Detecting which router is handling WAN traffic

  • Filter
  • Time
  • Show
Clear All
new posts

  • Detecting which router is handling WAN traffic

    For the purpose of minimizing the impact of an internet service outage (a too-often occurrence), a small business has internet accounts with two different service providers and runs a separate modem/router for each.
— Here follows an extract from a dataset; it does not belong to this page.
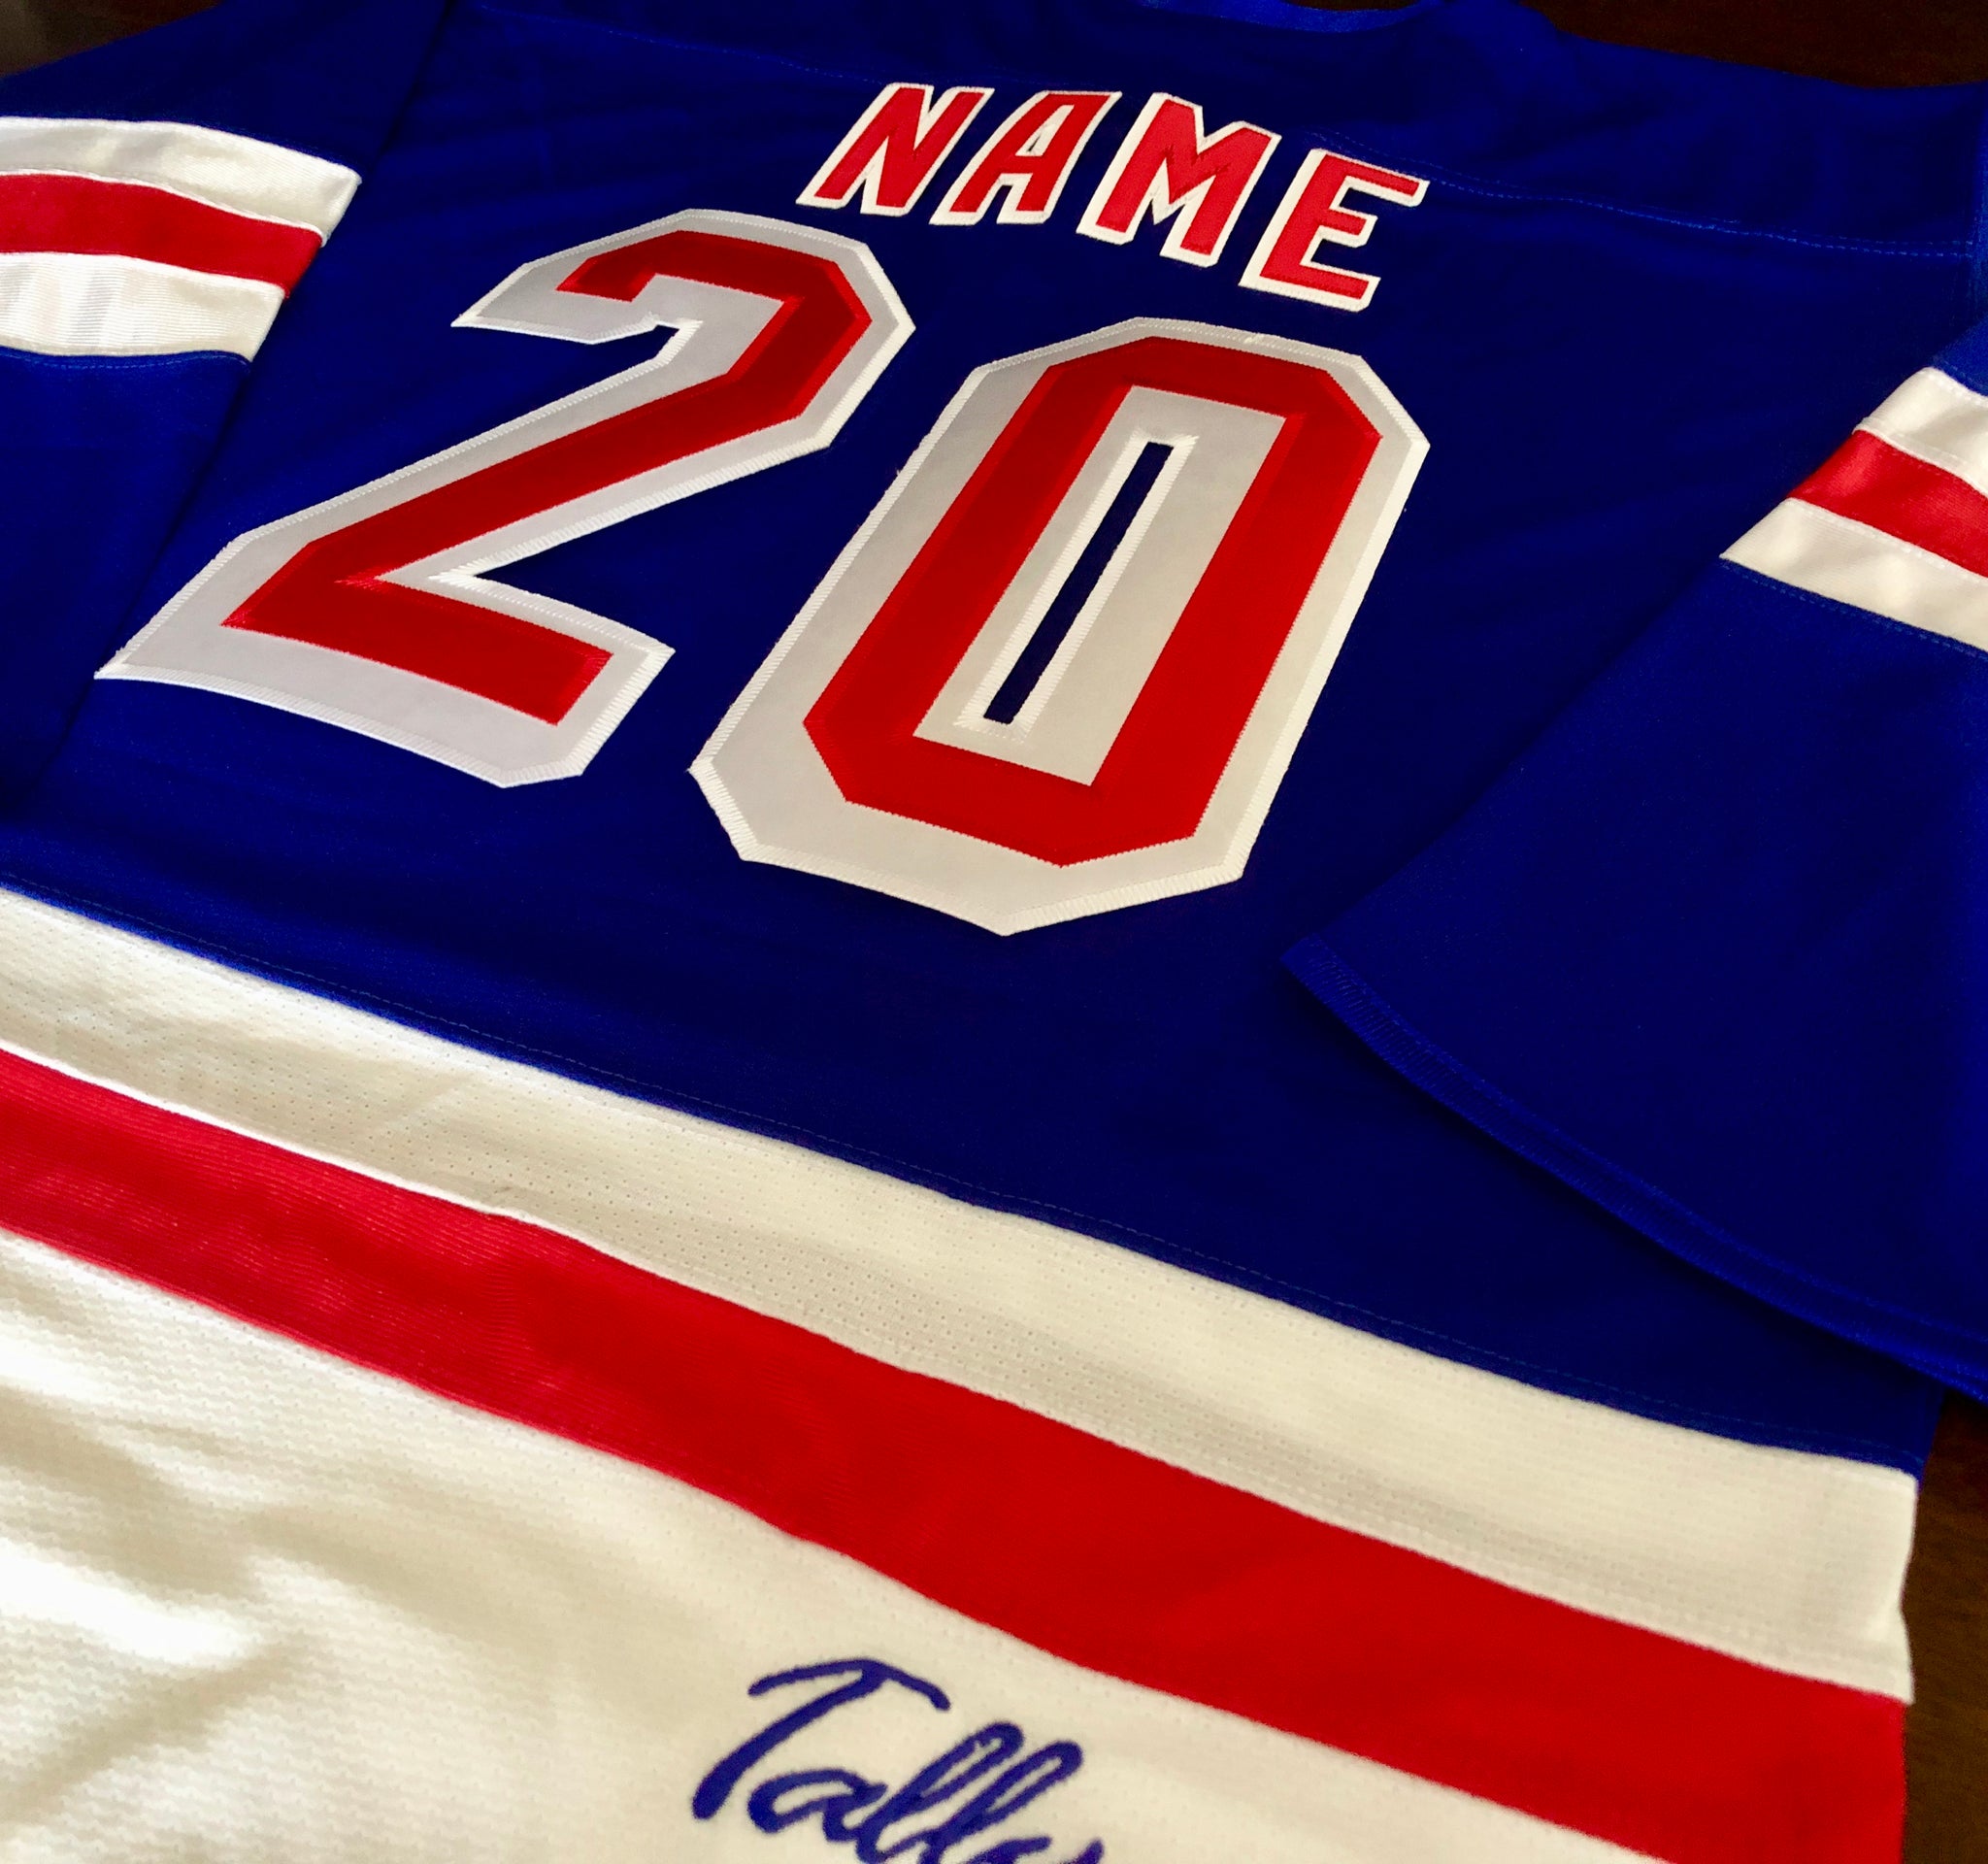 Custom Hockey Jerseys with A Nationals Twill Logo Youth XL / (name and Number on Back and Sleeves) / White

Each router connects to the one firewall box, and the firewall box connects to the server.

    In case one of the internet services goes out, the server is (usually) able to access the internet through the other router...

    As best I can tell, the primary router has a static IP address, and the backup/alternative is on DHCP. I'm not sure why this was done this way or its technical significance, but I do know that as a user, I can ask to report the IP it sees from the requesting program. And I know that depending on which router passed the request, I can get the one static IP address, or one of several others.

    I also know that most of the business software continues to run without trouble even if the server switches from one router to the other; BUT two critical software programs seem to just stop working after such a switch. So in troubleshooting, it is important to know if a router switch has taken place so that it can be handled, or can be eliminated (and then the next possible cause examined).

    SOooo: The goal is to create a small PB utility that will interrogate either or both of the routers to see which one is handling the traffic from the server to the internet.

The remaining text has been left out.